What to do - Locate the line that contains "3.3. Chyba: CKR_FUNCTION_FAILED" in the data that follows. Copy it and every subsequent line to the end, exactly, excluding pictures.

Extracted records -
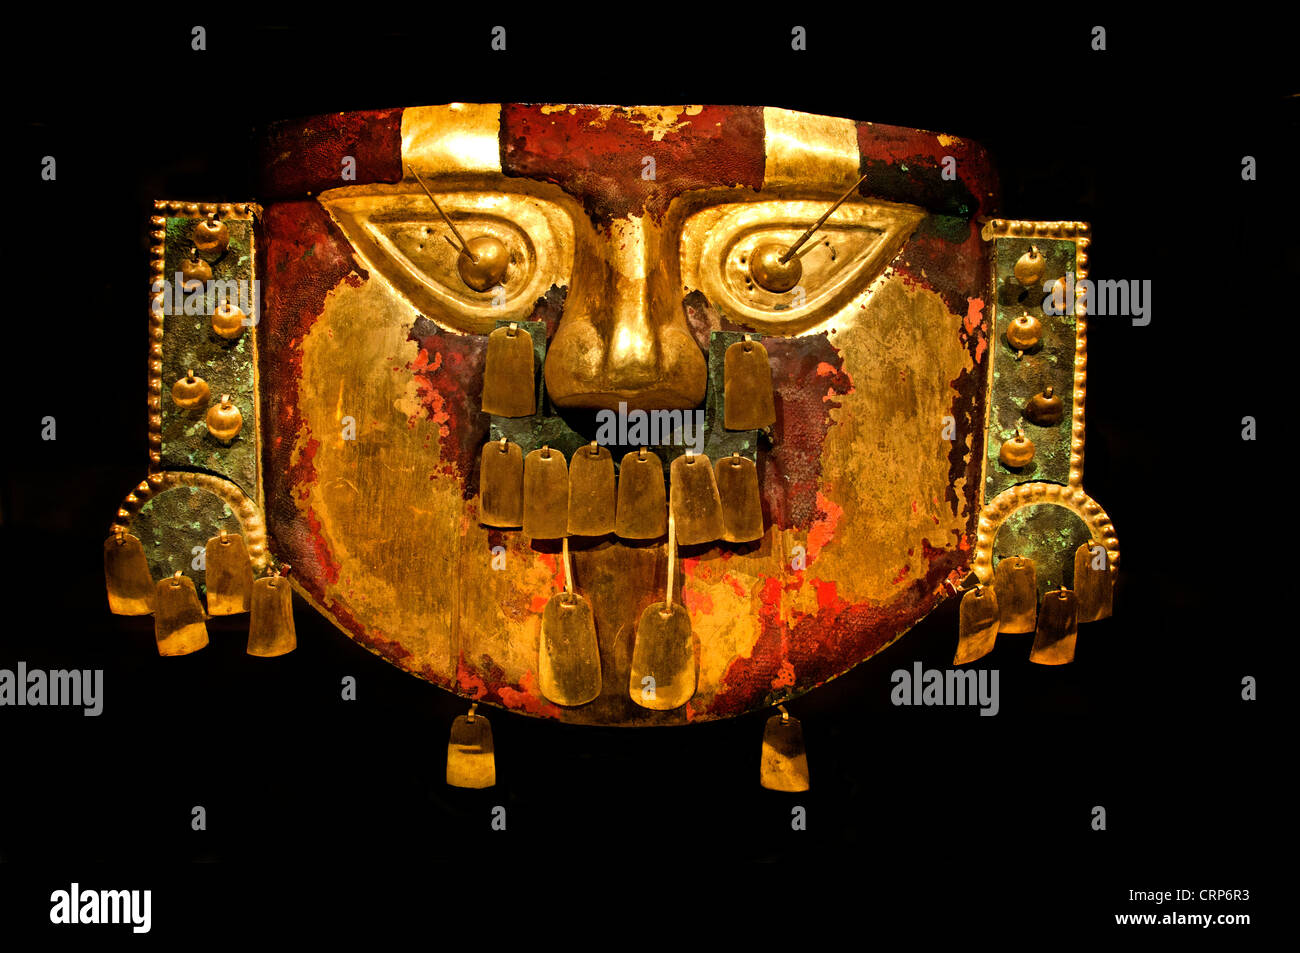 Ancient Golden Inca Mask funéraire Lambayeque (Sicán) du Xe au 12ème siècle Pérou La culture péruvienne Banque D'Images
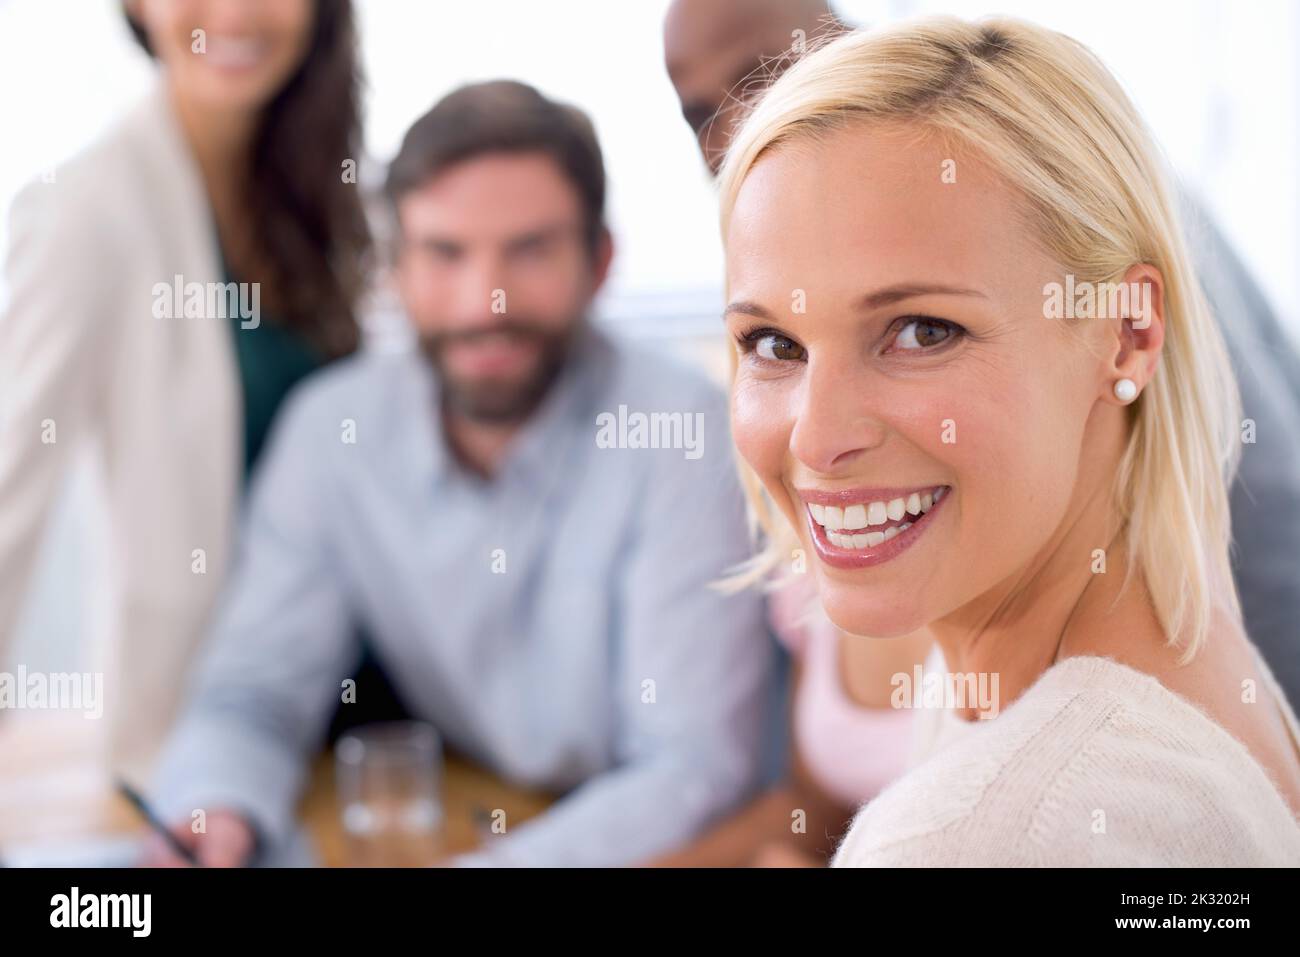 Die neueste Führungskraft des Unternehmens. Porträt einer lächelnden, schönen Geschäftsfrau bei einem Teamtreffen mit ihrem Team im Hintergrund. Stockfoto
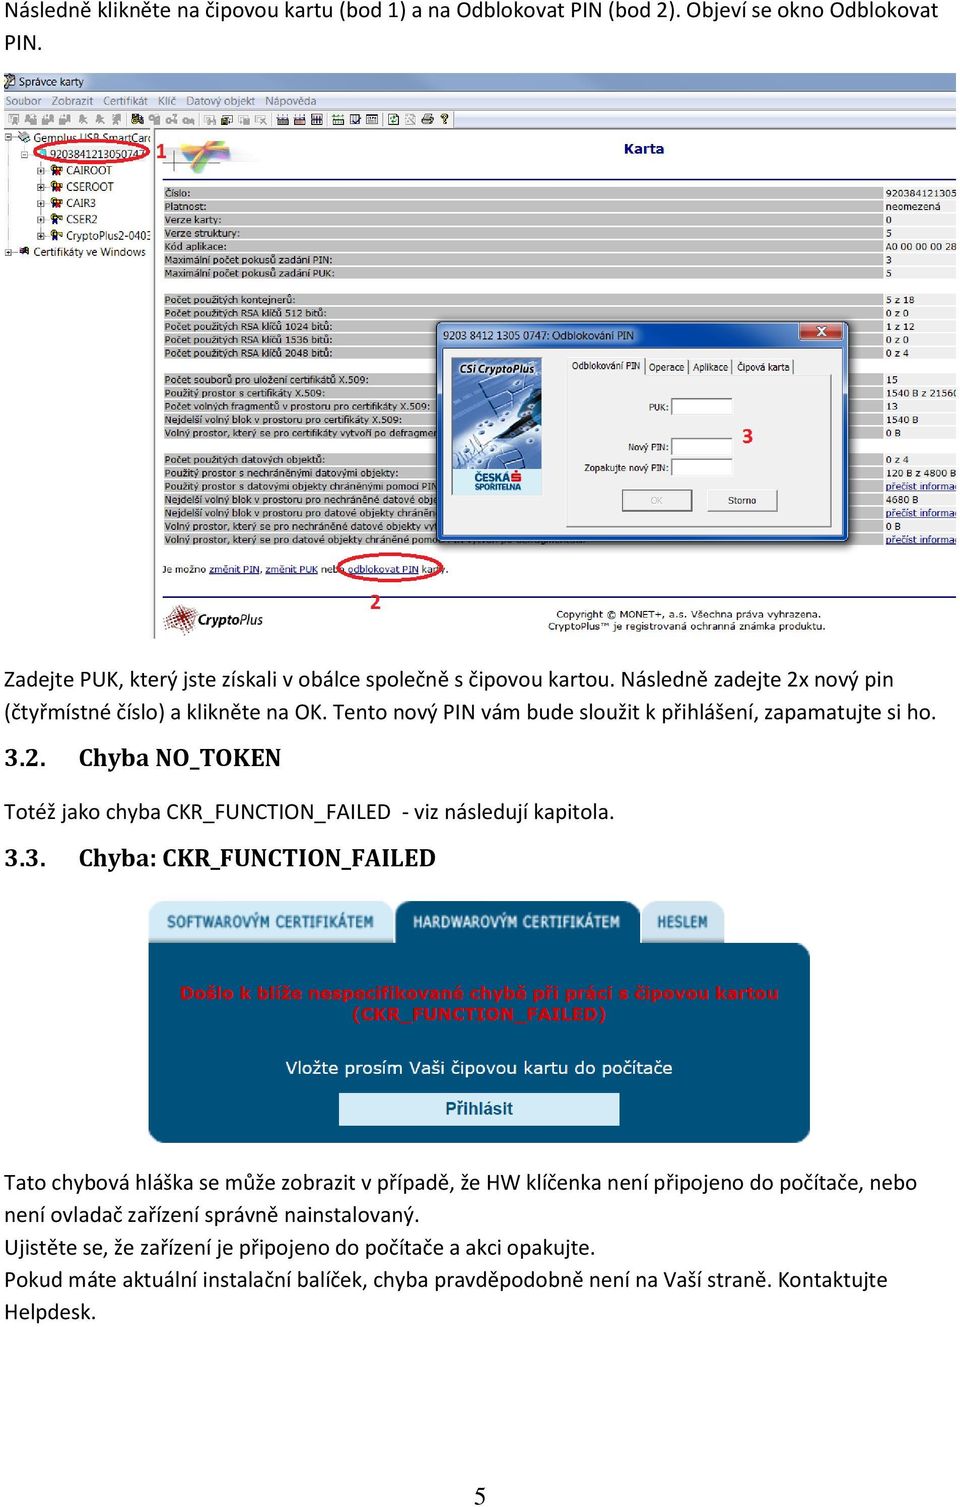 3.3. Chyba: CKR_FUNCTION_FAILED Tato chybová hláška se může zobrazit v případě, že HW klíčenka není připojeno do počítače, nebo není ovladač zařízení správně nainstalovaný.
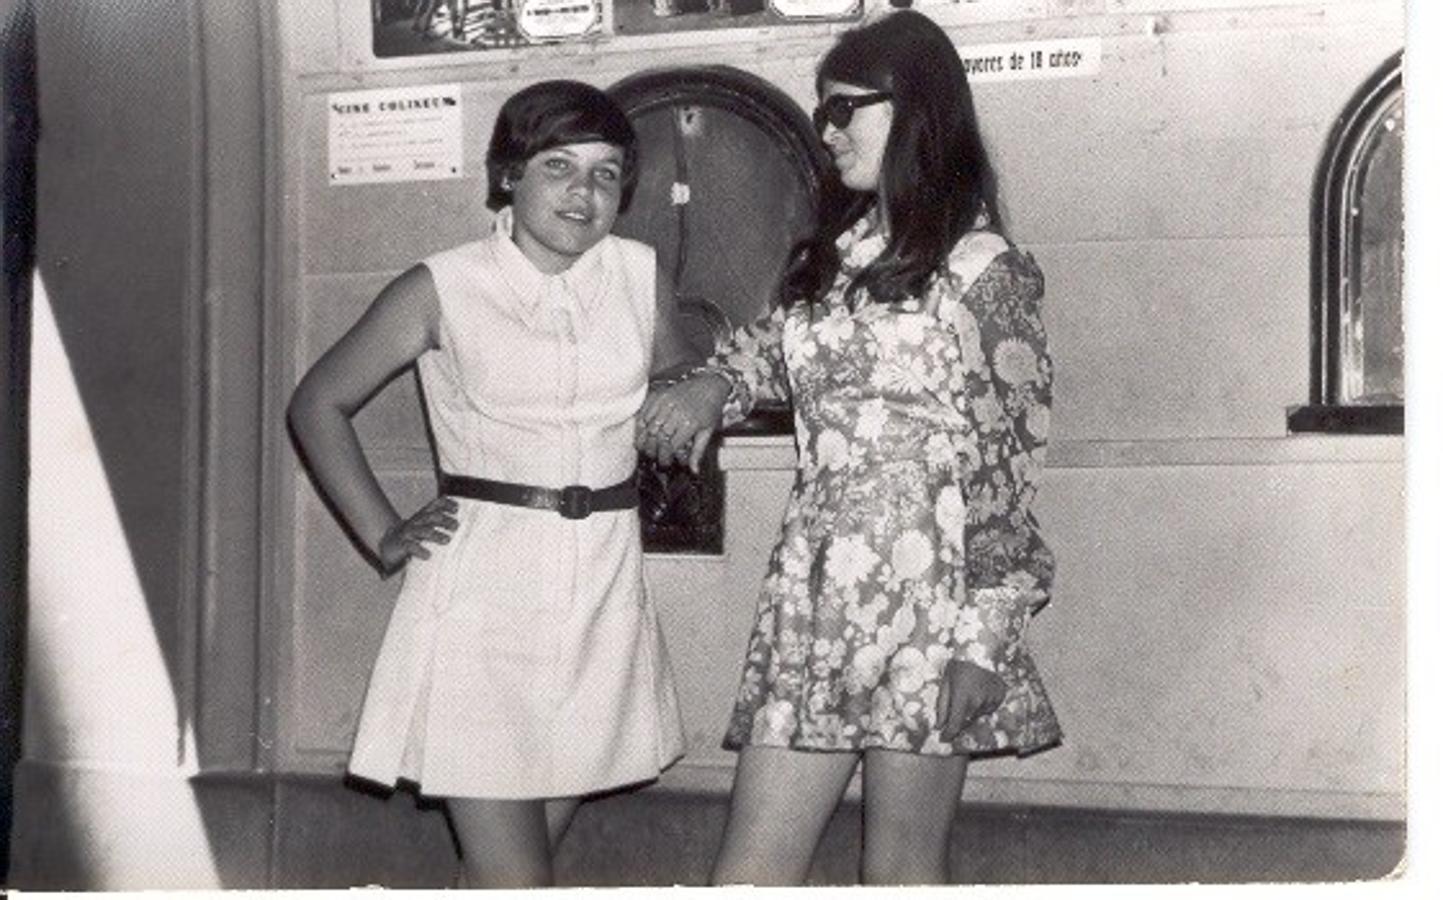 Dos amigas en la taquilla del cine vestidas de domingo. 1969. Valdeverdeja (Toledo). Fondo Los Legados de la Tierra.v. 
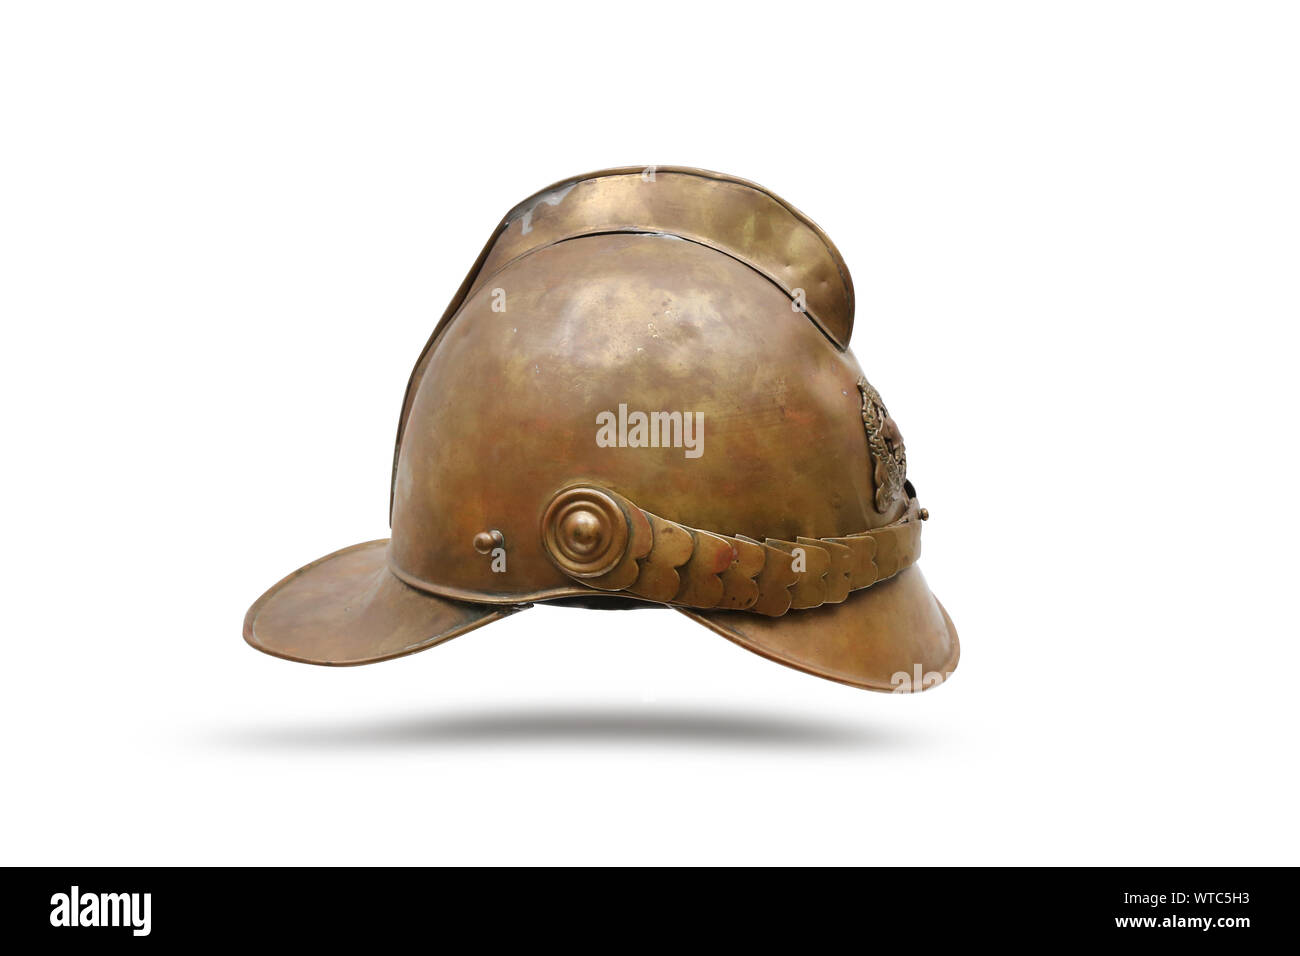 La Deuxième Guerre mondiale avant de pompier casque en laiton Letton Banque D'Images
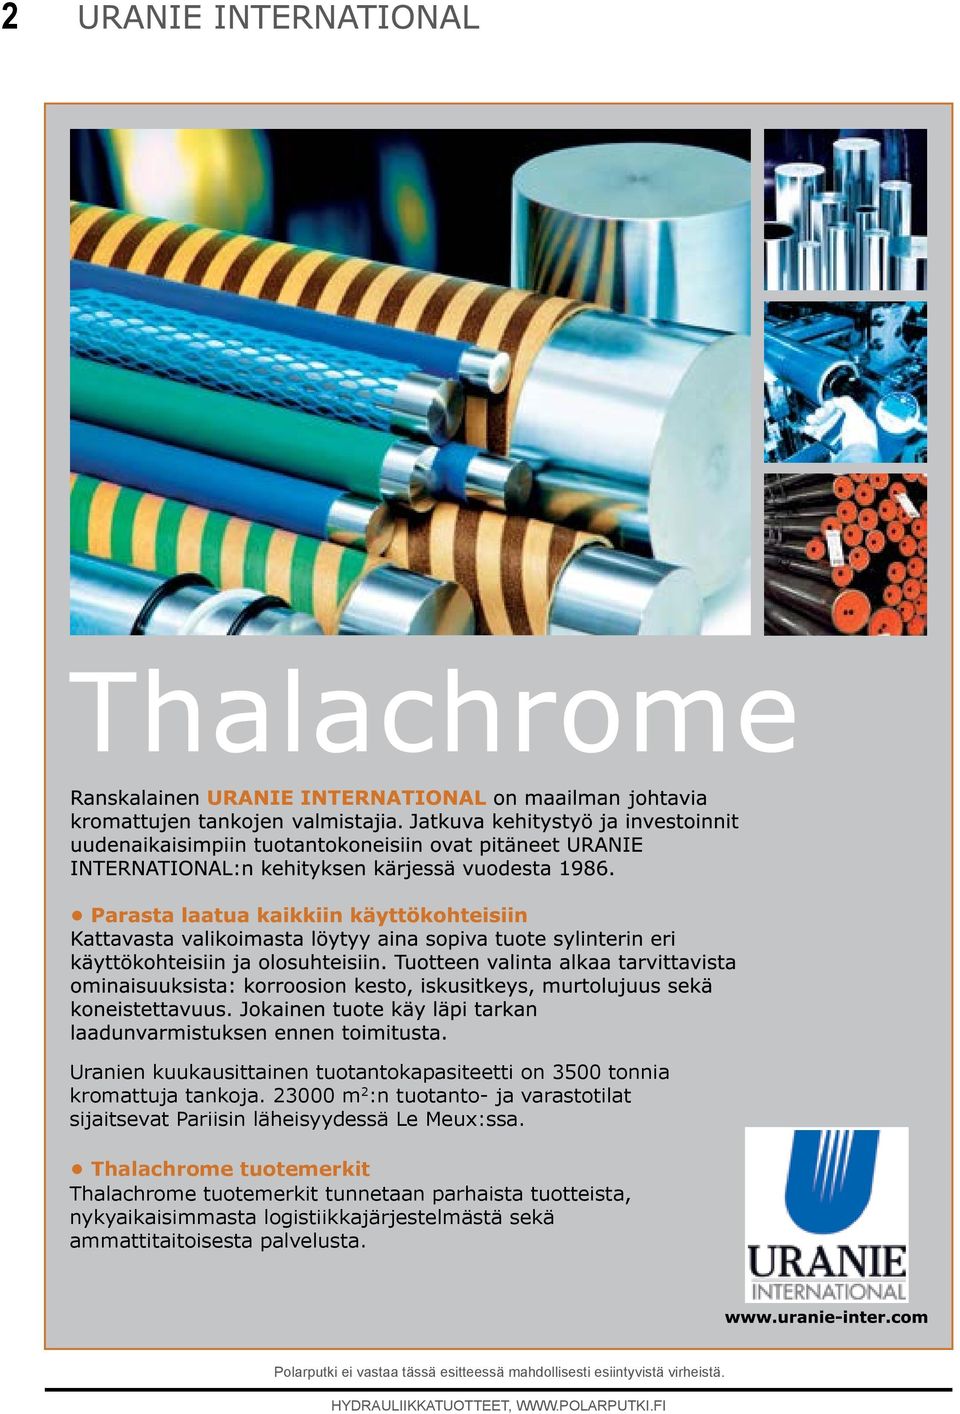 Thalachrome tuotemerkit Thalachrome tuotemerkit tunnetaan parhaista tuotteista, nykyaikaisiasta

Response area -
 3.3. Chyba: CKR_FUNCTION_FAILED Tato chybová hláška se může zobrazit v případě, že HW klíčenka není připojeno do počítače, nebo není ovladač zařízení správně nainstalovaný.
 Dos amigas en la taquilla del cine vestidas de domingo. 1969. Valdeverdeja (Toledo). Fondo Los Legados de la Tierra.v. 
 La Deuxième Guerre mondiale avant de pompier casque en laiton Letton Banque D'Images
 Thalachrome tuotemerkit Thalachrome tuotemerkit tunnetaan parhaista tuotteista, nykyaikaisiasta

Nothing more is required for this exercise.